Alex has AMD processors, thus, Intel MKL might not give optimal performance in all cases – but usually still delivers better than most other mathematical libraries. In previous versions of Intel MKL, setting the environment variables MKL_DEBUG_CPU_TYPE=5 and MKL_CBWR=AUTO improved performance on AMD processors. This no longer works with recent MKL versions, see also https://github.com/tensorflow/tensorflow/issues/49113 and https://danieldk.eu/Posts/2020-08-31-MKL-Zen.html. NHR@FAU does not promote these workarounds; however, if you nevertheless follow them by setting LD_PRELOAD do not forget to still set MKL_CBWR=AUTO.

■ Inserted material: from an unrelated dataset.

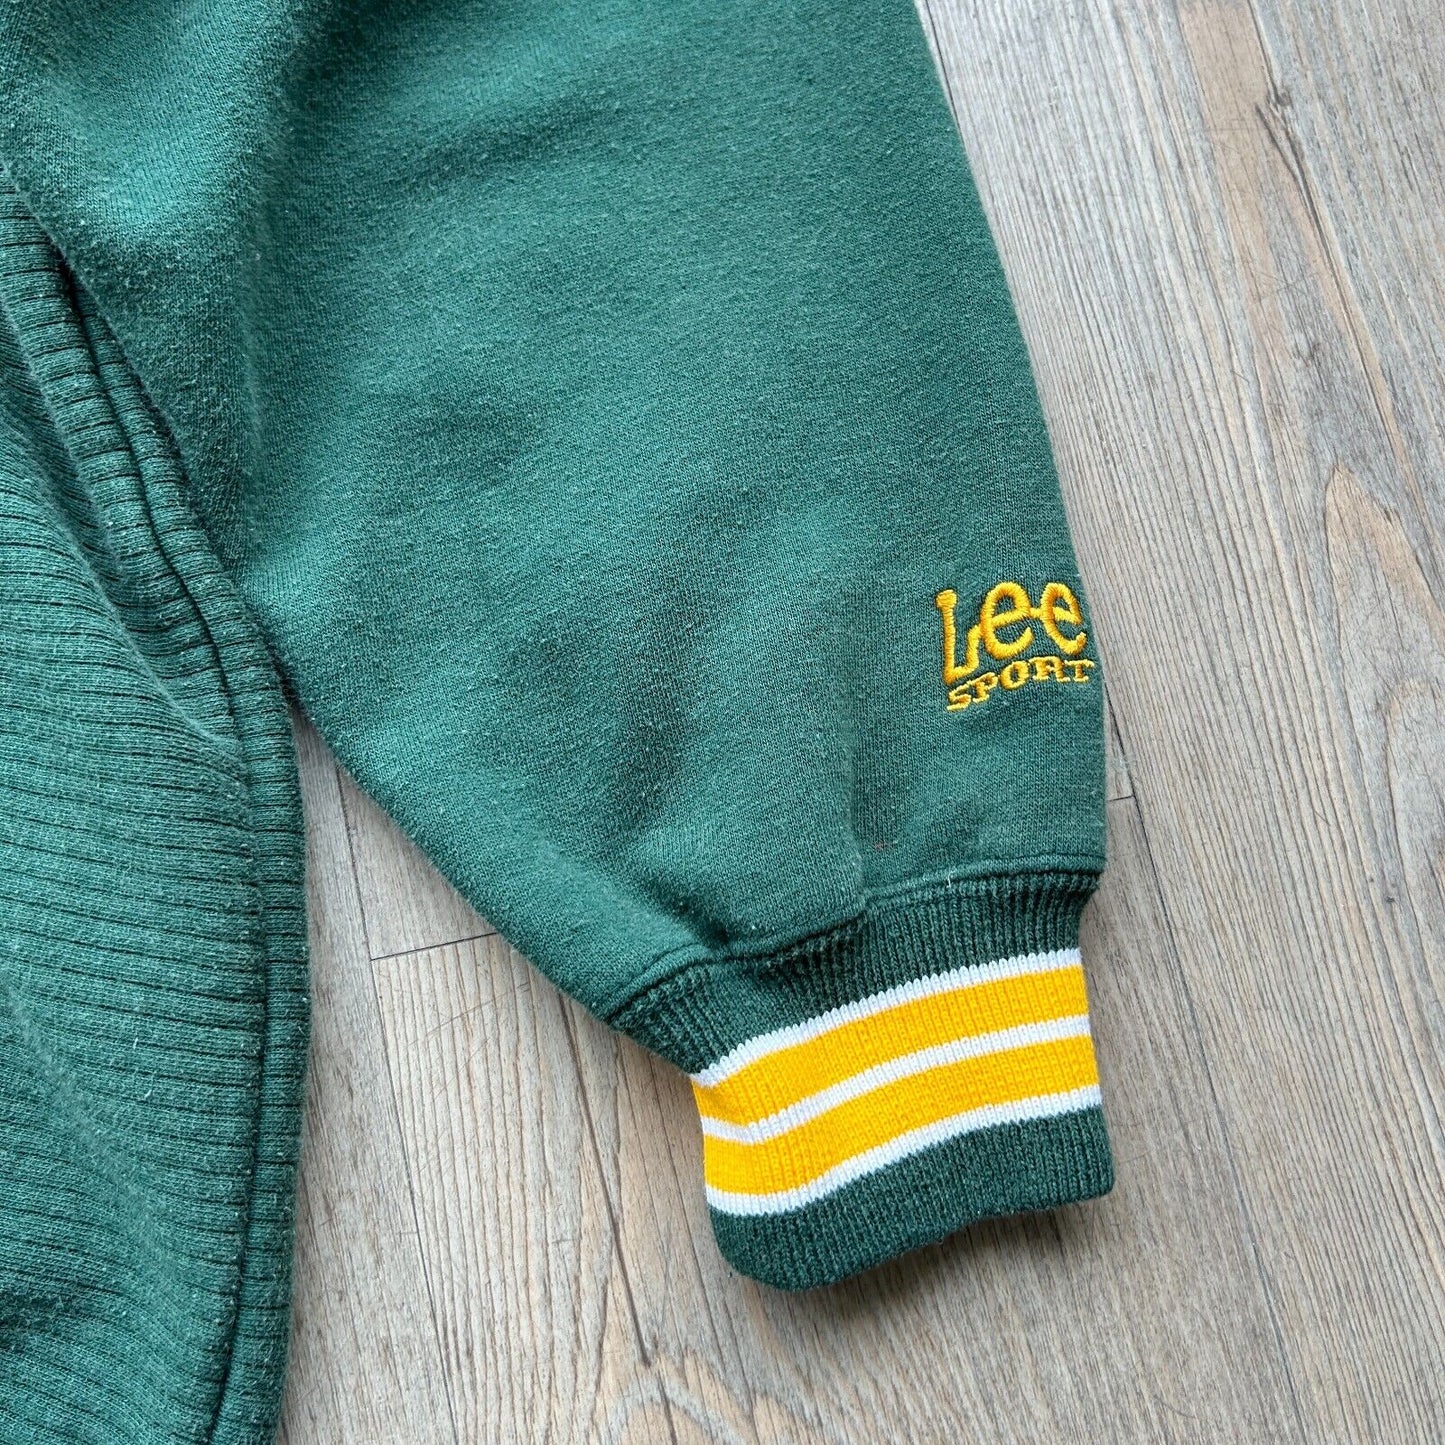 VINTAGE 90s | NFL Green Bay Packers Lee Sport Football Sweater sz L Adult

Further Intel tools may be added in the future.

The Intel modules on Fritz, Alex and the Slurm-TinyGPU/TinyFAT behave different than on the older RRZE systems: (1) The intel64 module has been renamed to intel and no longer automatically loads intel-mpi and mkl. (2) intel-mpi/VERSION-intel and intel-mpi/VERSION-gcc have been unified into intel-mpi/VERSION. The selection of the compiler occurs by the wrapper name, e.g. mpicc = GCC, mpiicc = Intel; mpif90 = GFortran; mpiifort = Intel.

Nvidia compilers (CUDA and formerly PGI)

The CUDA compilers are part of the cuda modules.

The Nvidia (formerly PGI) compilers are part of the nvhpc modules.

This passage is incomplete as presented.